#### DATA PROVIDED

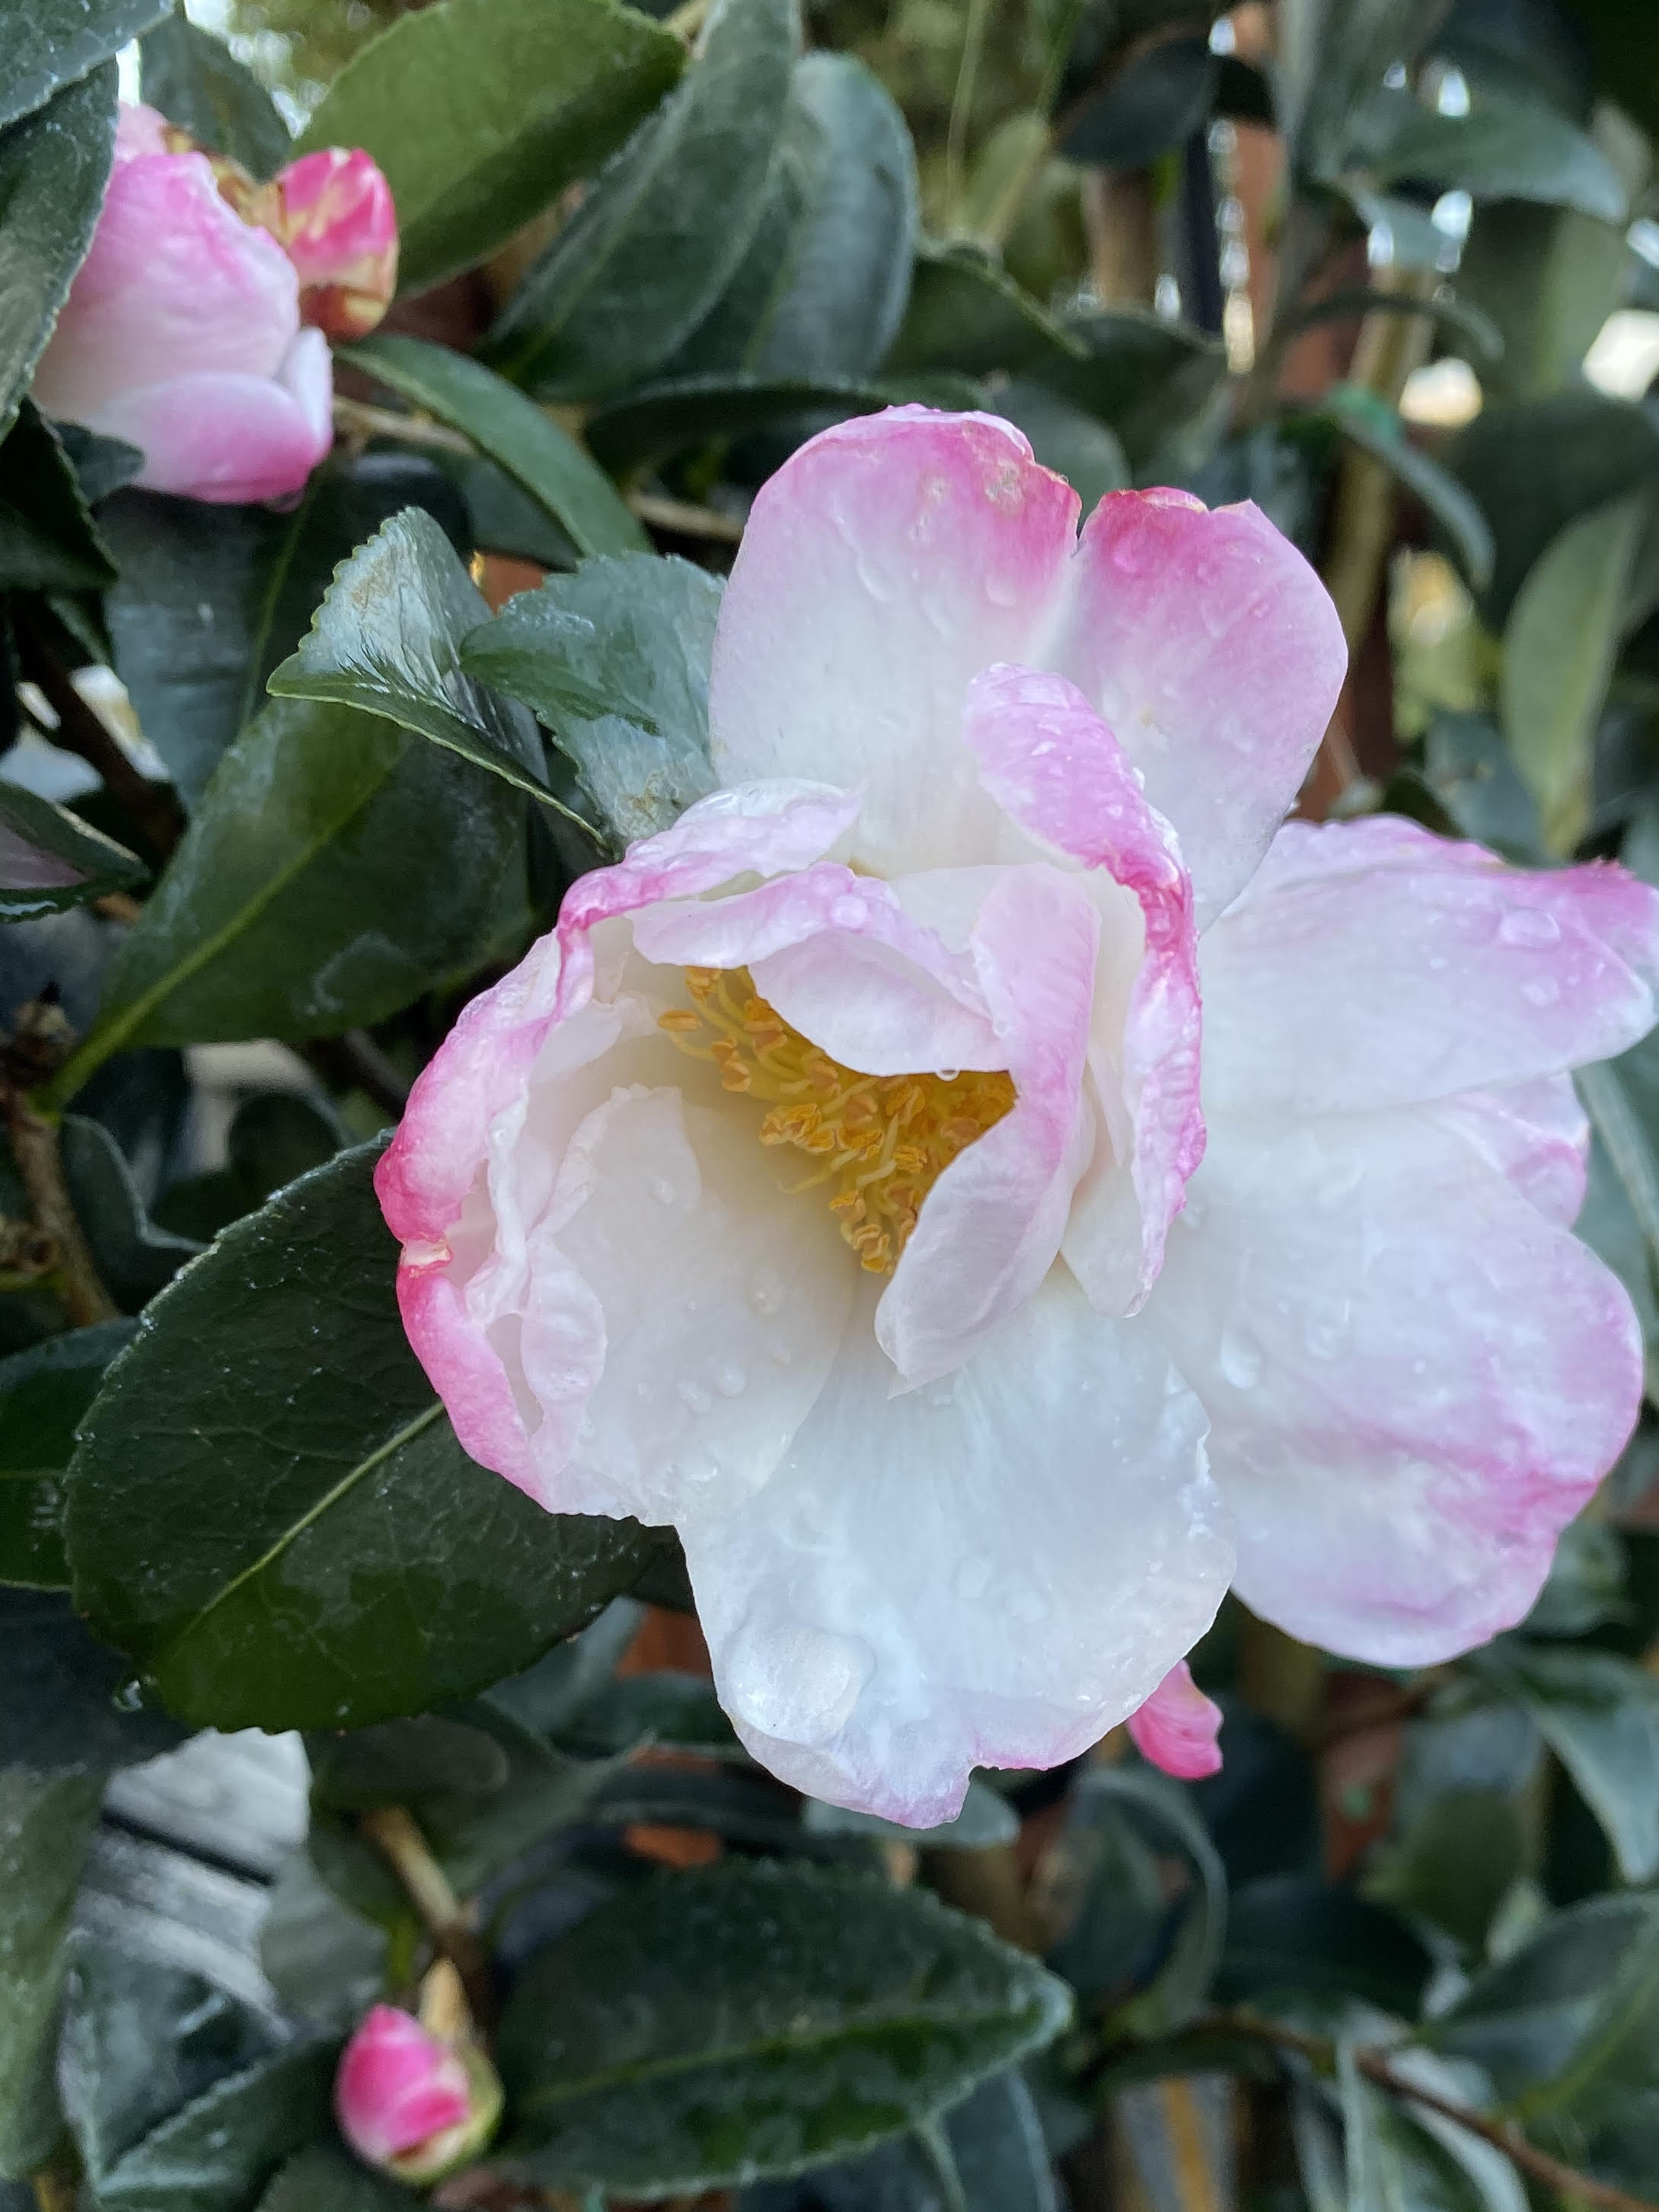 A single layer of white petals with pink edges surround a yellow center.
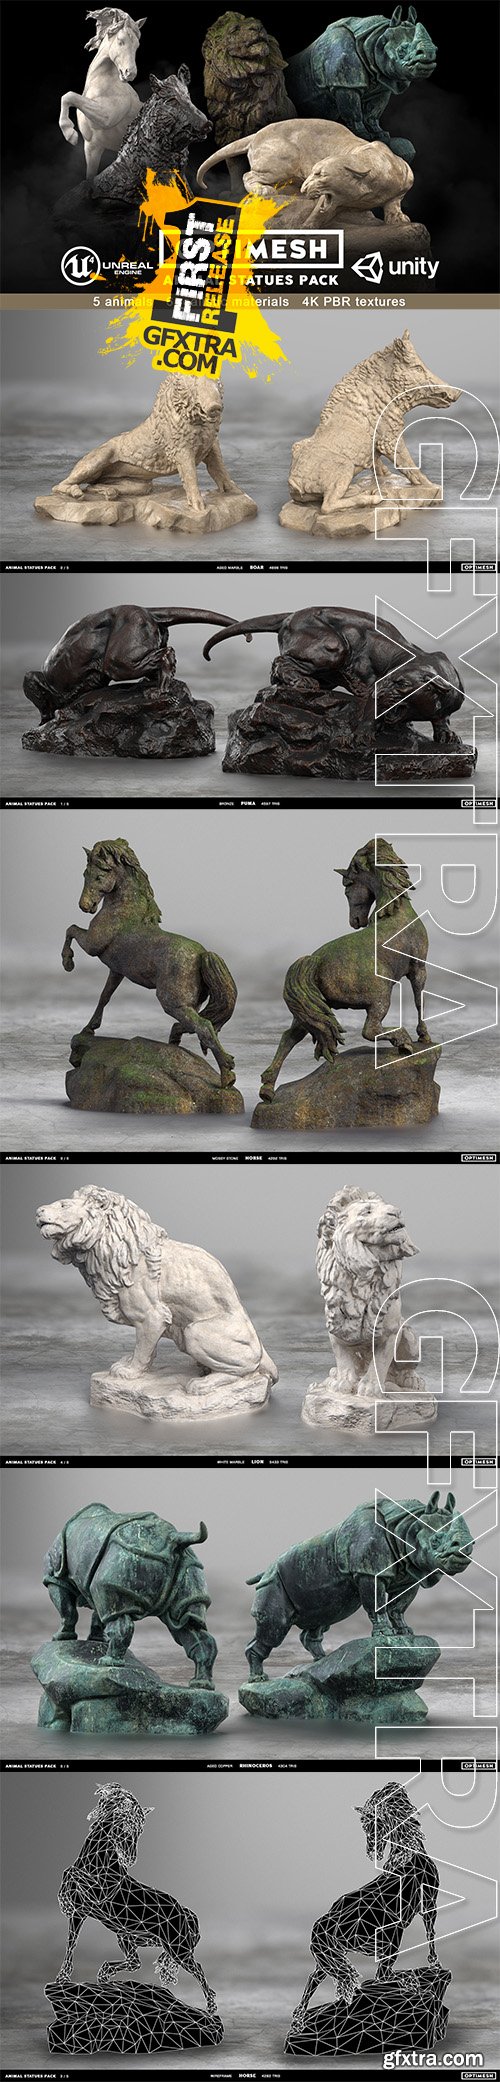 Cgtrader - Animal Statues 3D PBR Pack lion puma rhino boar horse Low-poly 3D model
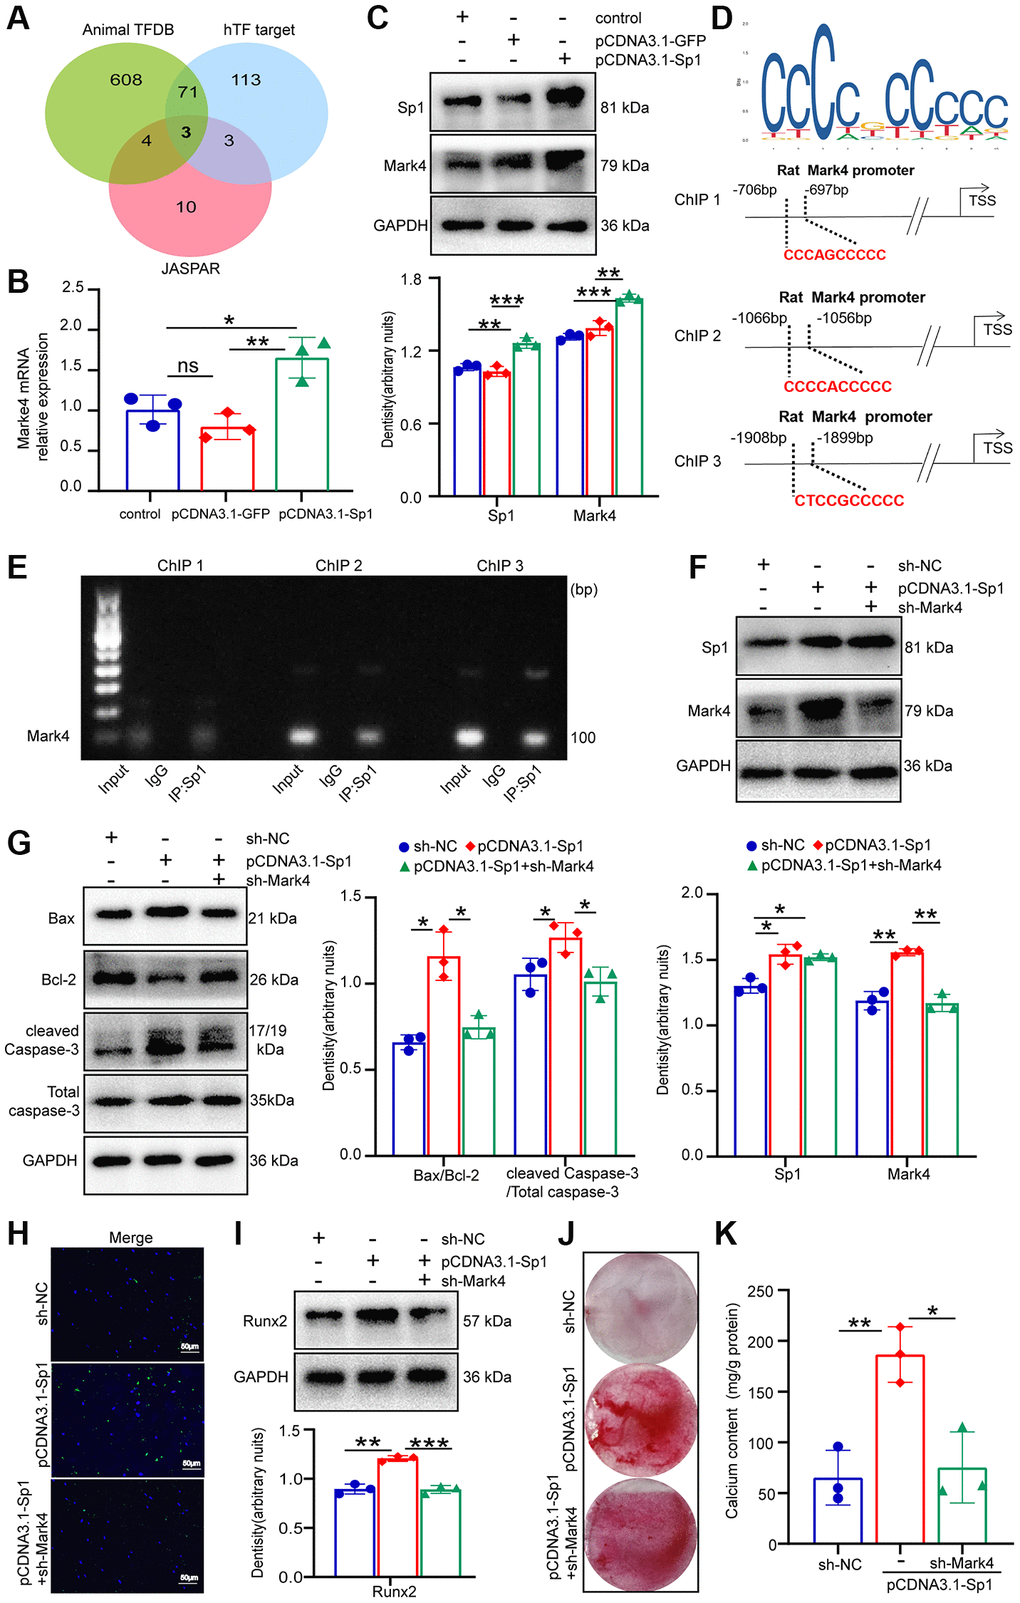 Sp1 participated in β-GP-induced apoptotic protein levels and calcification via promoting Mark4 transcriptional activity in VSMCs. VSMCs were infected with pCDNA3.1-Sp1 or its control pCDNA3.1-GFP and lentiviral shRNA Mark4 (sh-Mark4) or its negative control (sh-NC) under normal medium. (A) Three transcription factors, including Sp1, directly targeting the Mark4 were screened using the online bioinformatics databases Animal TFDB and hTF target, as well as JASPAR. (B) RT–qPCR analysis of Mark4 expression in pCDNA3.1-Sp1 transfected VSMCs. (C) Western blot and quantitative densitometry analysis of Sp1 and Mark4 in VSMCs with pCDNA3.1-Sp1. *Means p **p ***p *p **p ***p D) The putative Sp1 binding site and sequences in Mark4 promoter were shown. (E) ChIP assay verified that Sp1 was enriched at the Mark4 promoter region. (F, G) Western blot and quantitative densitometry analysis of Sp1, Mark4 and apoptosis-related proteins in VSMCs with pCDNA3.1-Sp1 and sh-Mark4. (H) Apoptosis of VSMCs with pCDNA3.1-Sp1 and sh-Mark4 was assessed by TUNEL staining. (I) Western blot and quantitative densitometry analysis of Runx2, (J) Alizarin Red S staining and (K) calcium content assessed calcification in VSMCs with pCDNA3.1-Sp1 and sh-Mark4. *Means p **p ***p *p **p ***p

#### WHAT IS BEING ASKED
Give all of the material again, exactly, apart from the pictures.

#### EXERCISE RESPONSE
 A single layer of white petals with pink edges surround a yellow center.
 Cgtrader - Animal Statues 3D PBR Pack lion puma rhino boar horse Low-poly 3D model
 Sp1 participated in β-GP-induced apoptotic protein levels and calcification via promoting Mark4 transcriptional activity in VSMCs. VSMCs were infected with pCDNA3.1-Sp1 or its control pCDNA3.1-GFP and lentiviral shRNA Mark4 (sh-Mark4) or its negative control (sh-NC) under normal medium. (A) Three transcription factors, including Sp1, directly targeting the Mark4 were screened using the online bioinformatics databases Animal TFDB and hTF target, as well as JASPAR. (B) RT–qPCR analysis of Mark4 expression in pCDNA3.1-Sp1 transfected VSMCs. (C) Western blot and quantitative densitometry analysis of Sp1 and Mark4 in VSMCs with pCDNA3.1-Sp1. *Means p **p ***p *p **p ***p D) The putative Sp1 binding site and sequences in Mark4 promoter were shown. (E) ChIP assay verified that Sp1 was enriched at the Mark4 promoter region. (F, G) Western blot and quantitative densitometry analysis of Sp1, Mark4 and apoptosis-related proteins in VSMCs with pCDNA3.1-Sp1 and sh-Mark4. (H) Apoptosis of VSMCs with pCDNA3.1-Sp1 and sh-Mark4 was assessed by TUNEL staining. (I) Western blot and quantitative densitometry analysis of Runx2, (J) Alizarin Red S staining and (K) calcium content assessed calcification in VSMCs with pCDNA3.1-Sp1 and sh-Mark4. *Means p **p ***p *p **p ***p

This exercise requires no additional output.